Alt-Coin Trader

Wars In Middle East Revealing Truth About The Media


Student Researchers: Claire Apatoff, Erin Kielty, Tom Rich
Faculty Evaluator: Jeff McCall, Department of Communication & Theater, DePauw University
Faculty Instructor: Kevin Howley



Attention has shifted from media coverage of the war in Iraq to the war in Afghanistan in recent weeks. Alissa Rubin, former Baghdad bureau chief for the New York Times, recently expressed her views in a New York Times’ editorial on the media’s role throughout the war in Iraq and how lessons must be learned from her experience. Rubin was sent to Iraq three days after Saddam Hussein fled Baghdad in 2003 and left the country in 2009, six years later. Ms. Rubin addressed writers and journalists analyzing the war mentality from the beginning of the war to its present state. All major media outlets covering the Iraq War expressed positive ideas that promised a smooth Iraqi transition from an intolerant country to a law-abiding democracy. As years passed, the conditions and brutality continued to worsen for soldiers and civilians, and the media continued to focus press attention on “phony-patriotism.” Rubin admitted that she should have reported on the brutal truth she witnessed within the country, yet she too wanted to believe in this new democracy. With Rubin’s evaluation of media coverage during the Iraq War there has been a new trend in the media to follow the government’s shifting attention in wars.

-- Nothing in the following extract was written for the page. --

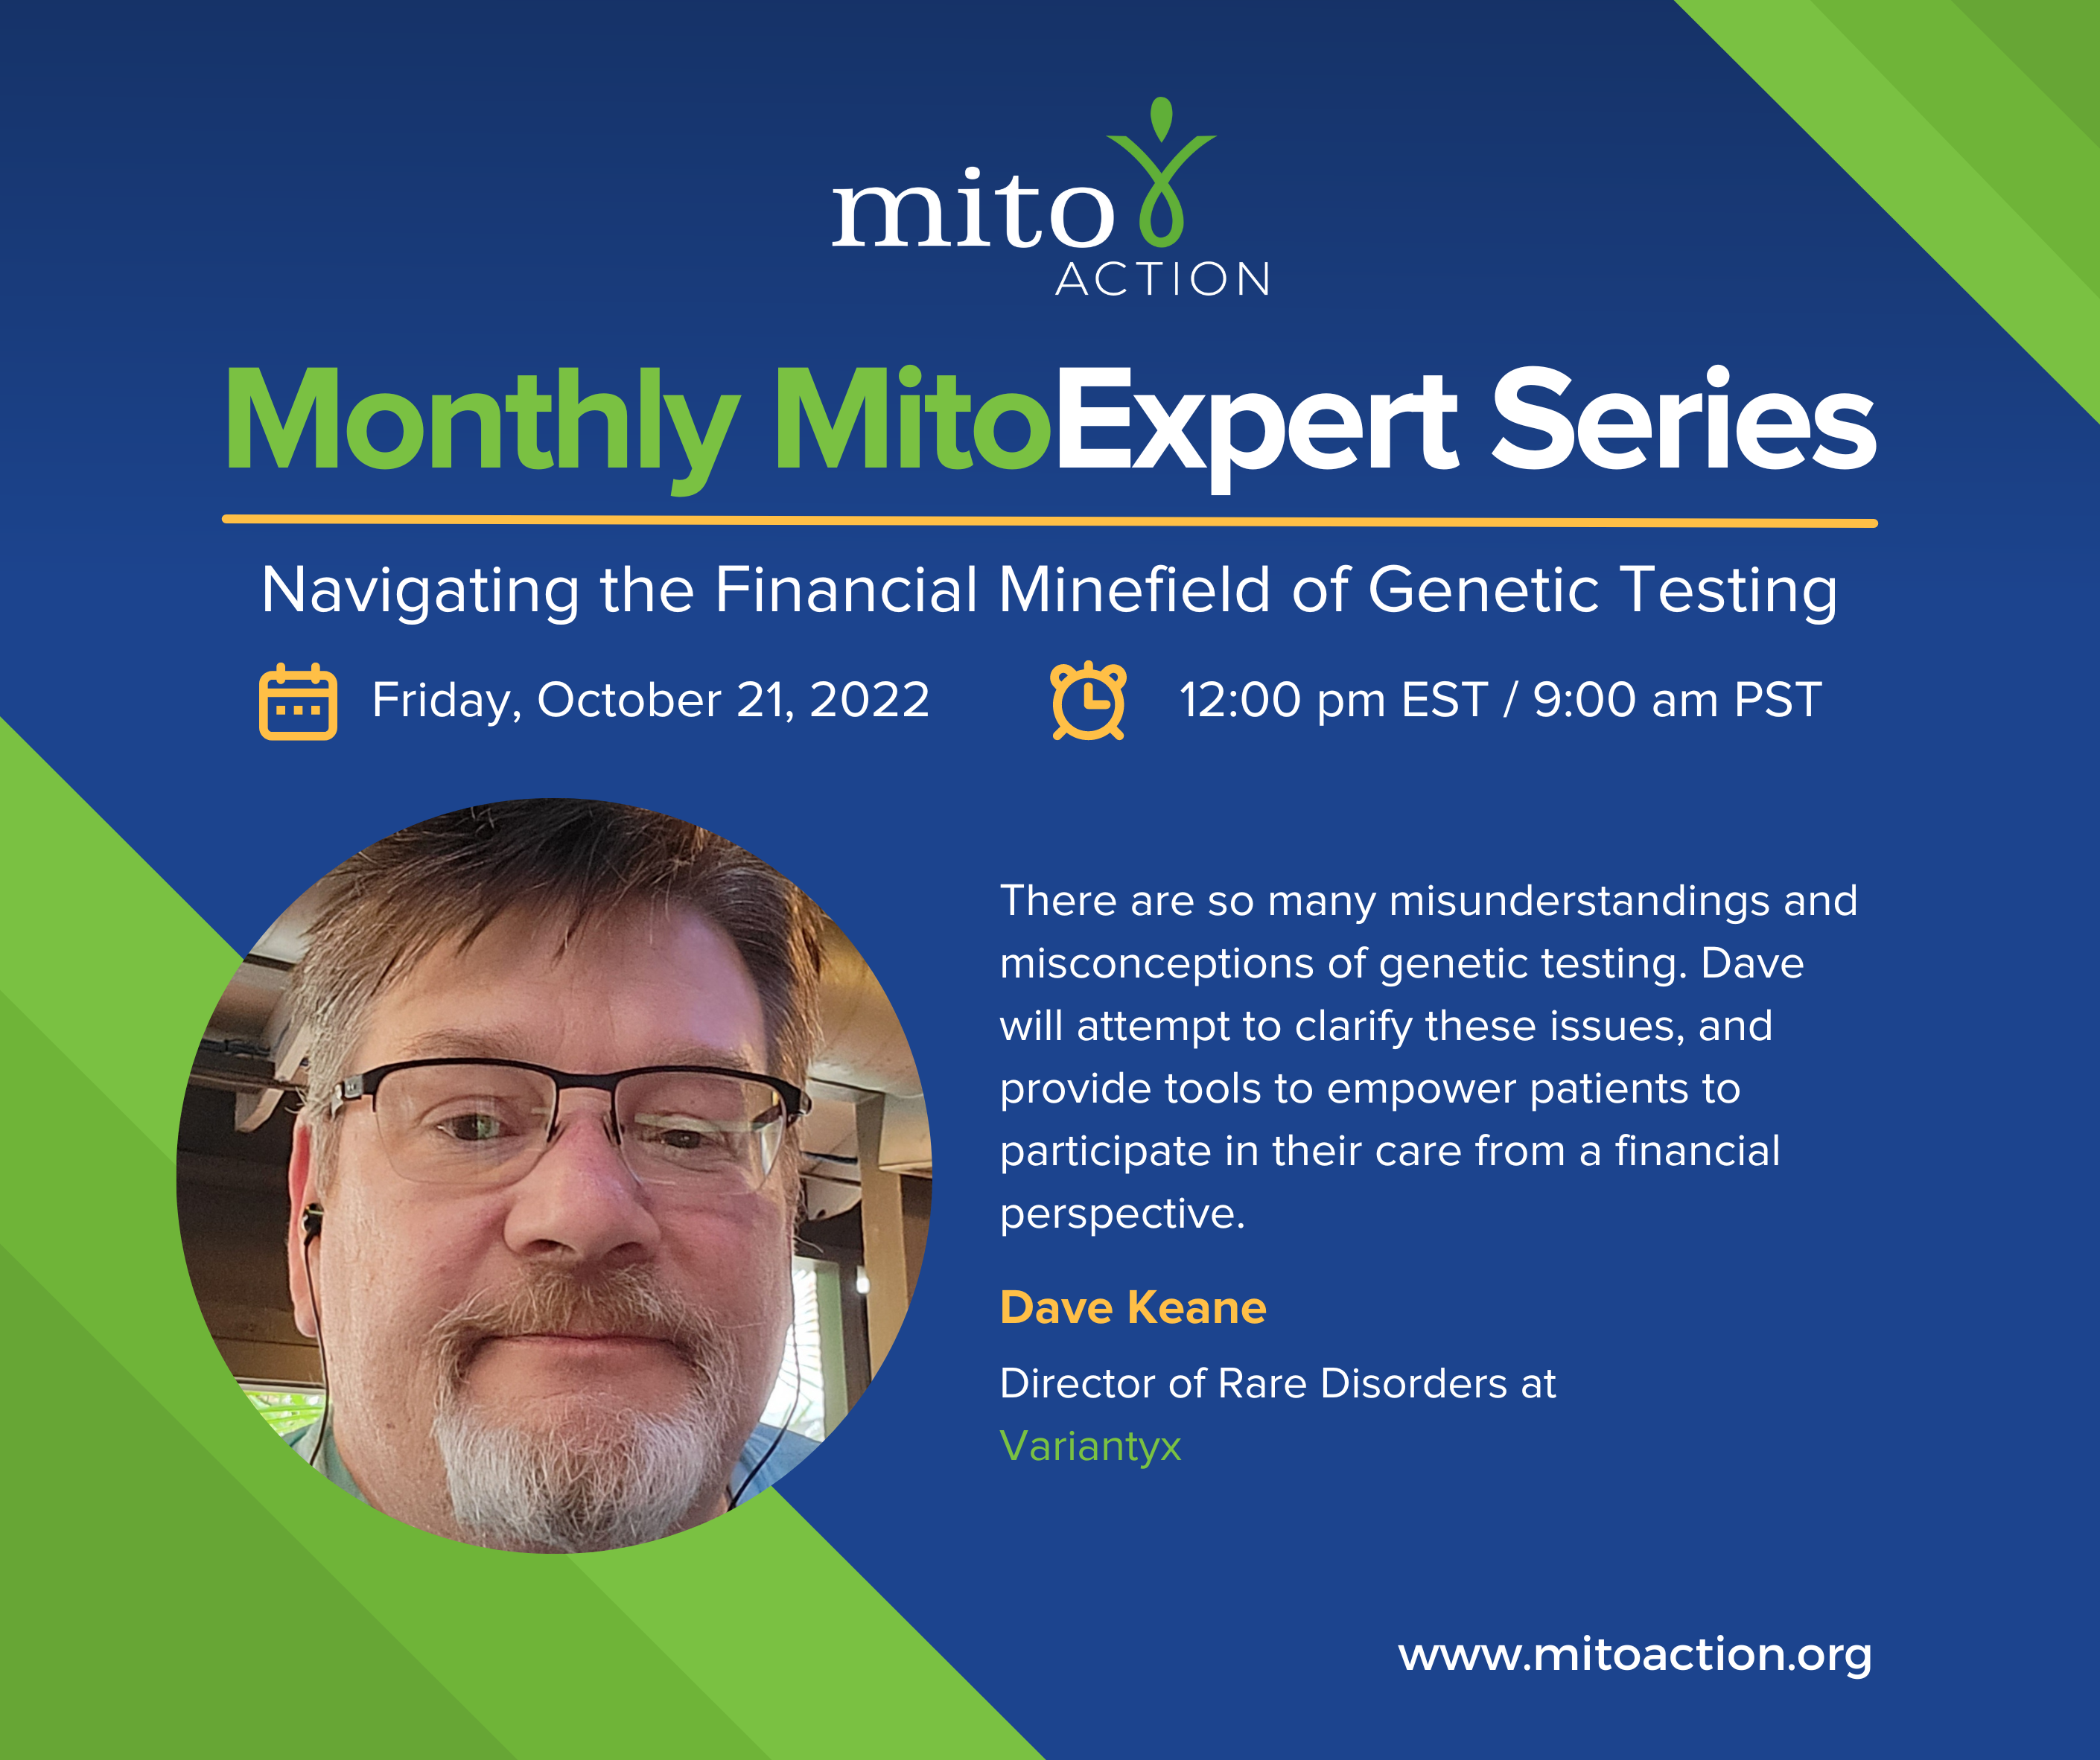 Navigating the Financial Minefield of Genetic Testing
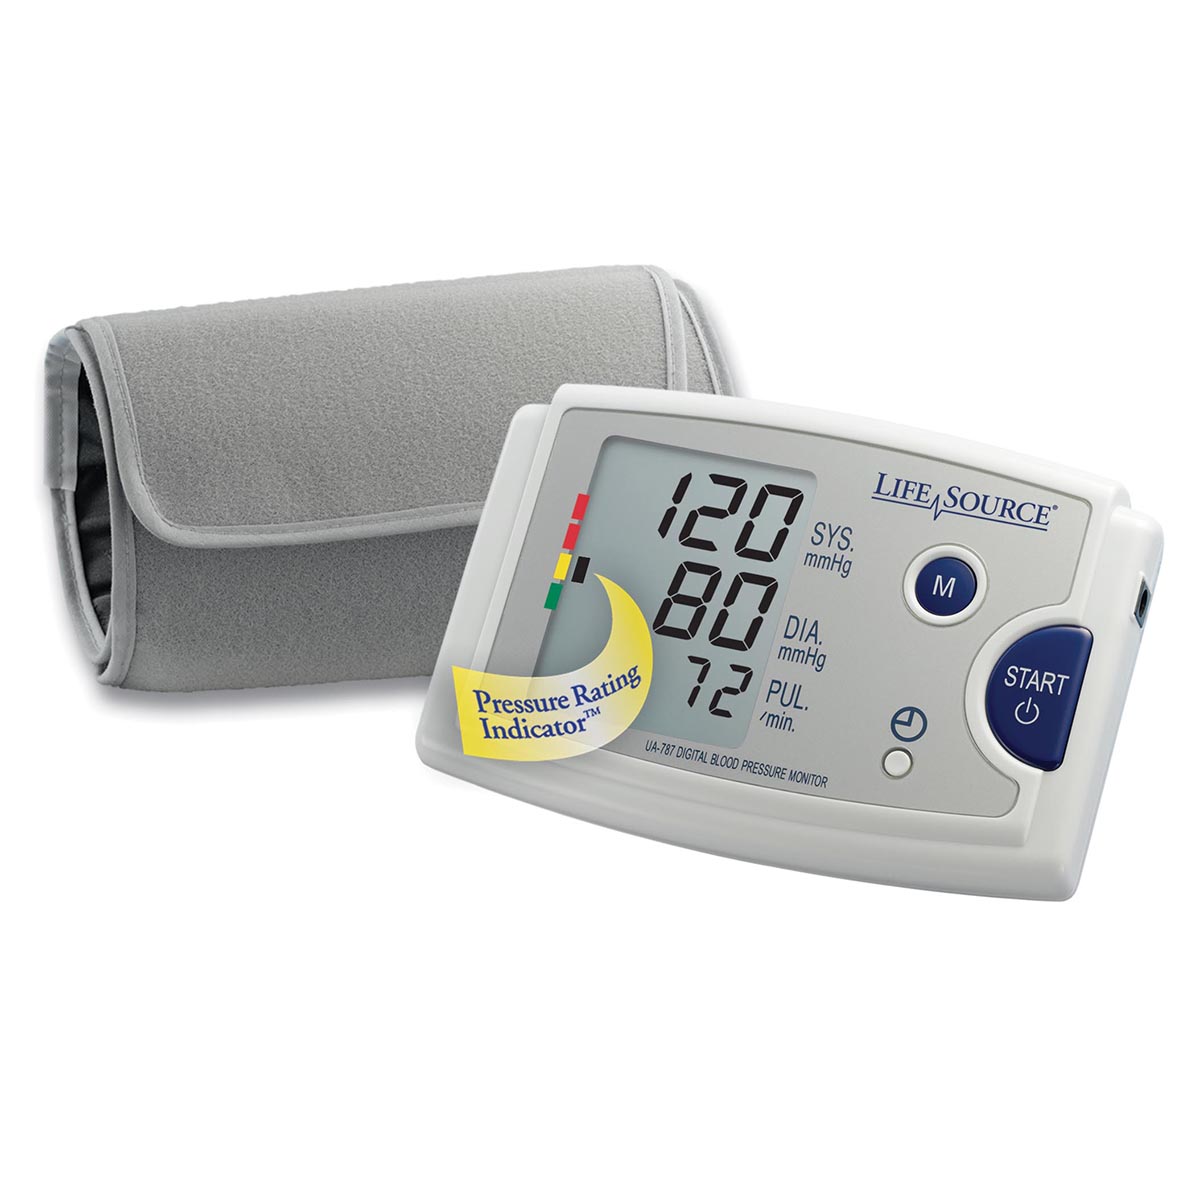 https://www.3bscientific.com/thumblibrary/W64610/W64610_01_1200_1200_Quick-Response-with-Easy-Fit-BP-Cuff-and-AC-Adapter.jpg

As President Obama changed gears from the war in Iraq to Afghanistan, there is a noticeable migration of journalists following the military. Alissa Rubin is one of them who have been reassigned from Iraq to Afghanistan. Now she worries that what she has learned in Iraq will be forgotten as new wars are initiated. Rubin admits that during this time in Afghanistan, skew the media needs to look at the lessons learned from Iraq and present the Afghan War truthfully instead of painting it as an altered version of democracy.